Chisenhale Gallery 1994

IN THE GALLERY

For a musician like myself, generally working with recorded sound rather than performance, the opportunity to make work in a gallery is a rare chance to explore something which would be impossible in other contexts. I think the nature of what I do has to make it as formal as it is, my theoretical and historical grasp of visual art is undoubtedly better than my formal musicology, so I knew what I was doing and the context I was doing it in. It is more muted in its relationship to gallery space than the more radical nature of work by, for example, Kerry Trengove or Stuart Brisley, I'd like to think of it as more akin to the work of Bethan Huws or 'Black', a more recent Stuart Brisley work, still very destructive towards the idea of the artwork as object but in a very subtle way, qualified by history and expectation.  I'm inclined to think that all this work has performed a similar function in differing historical contexts.

I did a workshop in the old sound studio at the Slade School of Art many years ago, and rather than pedantically explain the conventions of a recording studio, I tried to explore the relationship of each piece of equipment to the next part of the audio chain. Part of this process involved making what I suppose was an early version of The Listening Room, with microphone feedback and a tape delay, the tape stretched between two tape recorders. Afterwards, one of the students described what I was doing as 'sculptural'; she was struck by the physical manipulation of the materials, primarily the physical manipulation of the tape, but also the physicality of the space, the air in the room.  Later, teaching at Middlesex University, I was involved in a sculpture seminar where I spent a long time talking about the way the work was deliberately lit with photographic lights and moving slightly in the air as it was suspended from the ceiling.
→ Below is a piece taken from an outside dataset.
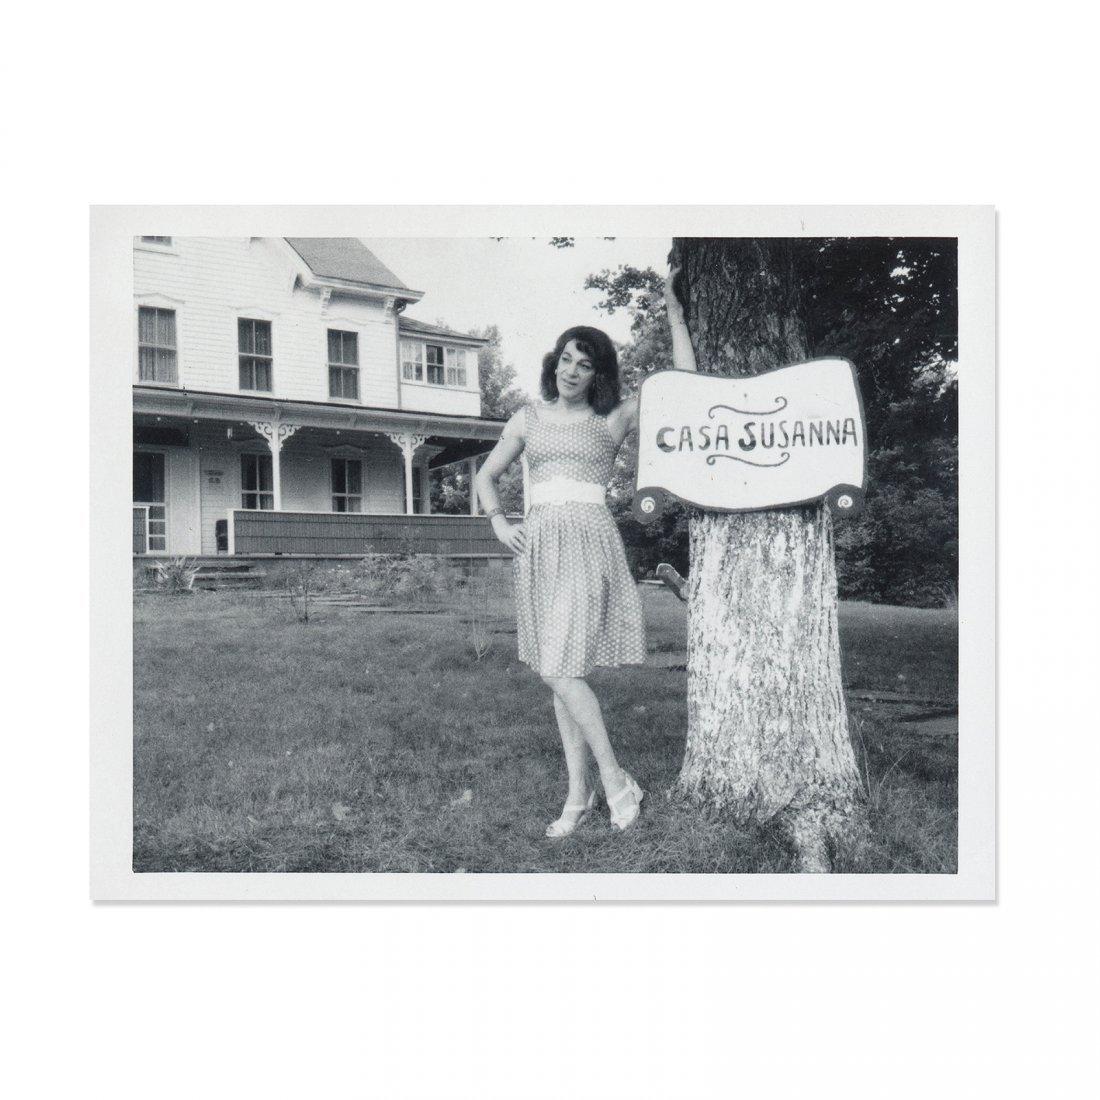 Casa Susanna a photographic archive of 340 vintage
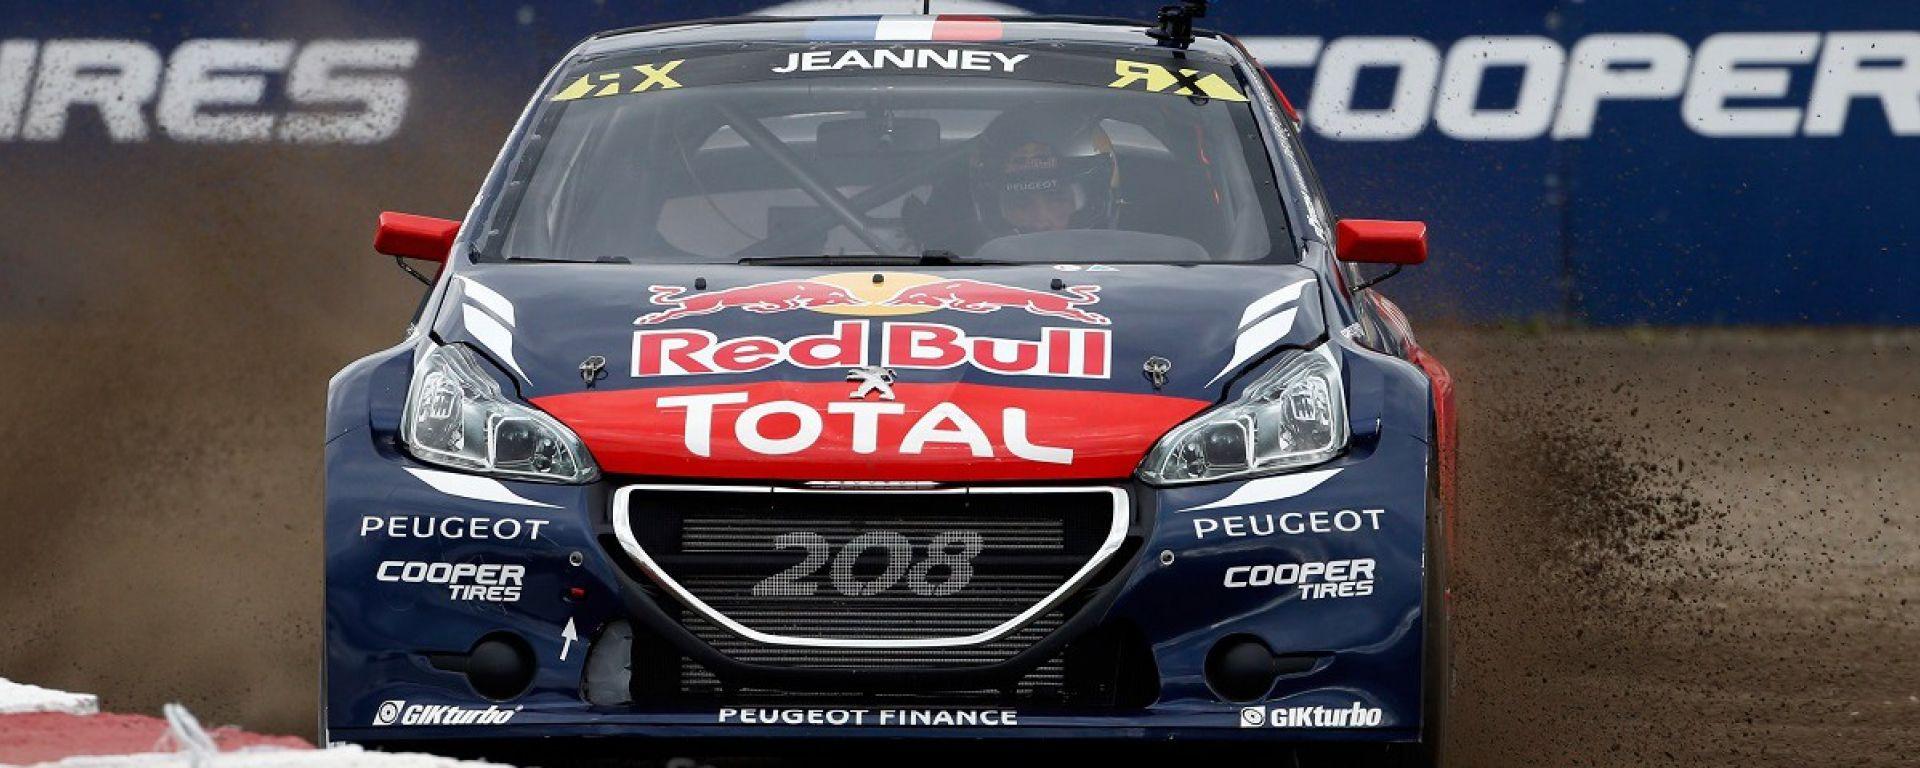 La Peugeot 208 WRX di Timmy Hansen

I talked about this work as a time-based work, because of its relationship to light and time and also because I was becoming worried about orthodoxies of video and hi-tech electronic media within the time-based areas in art colleges. (It was a rather odd place to have that particular concern because the Fine Art course at Middlesex had no problem transgressing those artificial boundaries between disciplines.) So I started thinking about the corollary to what I had been saying, looking at my own work in terms of formal sculptural concerns. The Listening Room has a consistent structure moderated by conditions of the space it is in. That's a fair description of sculpture as far as I'm concerned. I admire Bruce McLean's use of the word to describe almost any manifestation of his work in any medium. I've always been a bit doubtful about the formal idea of sculpture.

Chisenhale Gallery 1994

The Listening Room was first shown in public at the Chisenhale Gallery, 64 Chisenhale Road, London E3 5QZ, 15-17th September 1994. The Chisenhale Gallery is supported by the London Arts Board.

Chisenhale Gallery


An interview recorded during The Listening Room installation appears on Audio Arts, Volume 14 number 3. Audio Arts, 6 Briarwood Road, London SW4 9PX, UK.
A recorded version of the work was released on the compilation CD Silence (a tribute to John Cage), catalogue number 36CD-NO20, released by Wacoal Art Center, 5-6-23 Minami-Aoyama, Minato-Ku, Tokyo 107. This is currently out of catalogue.  The recorded version was constructed from overlays of four separate recordings of a version of the work installed at Newham Leisure Centre in East London.

A large version of The Listening Room was created for the Biennale of Sydney in September 1998.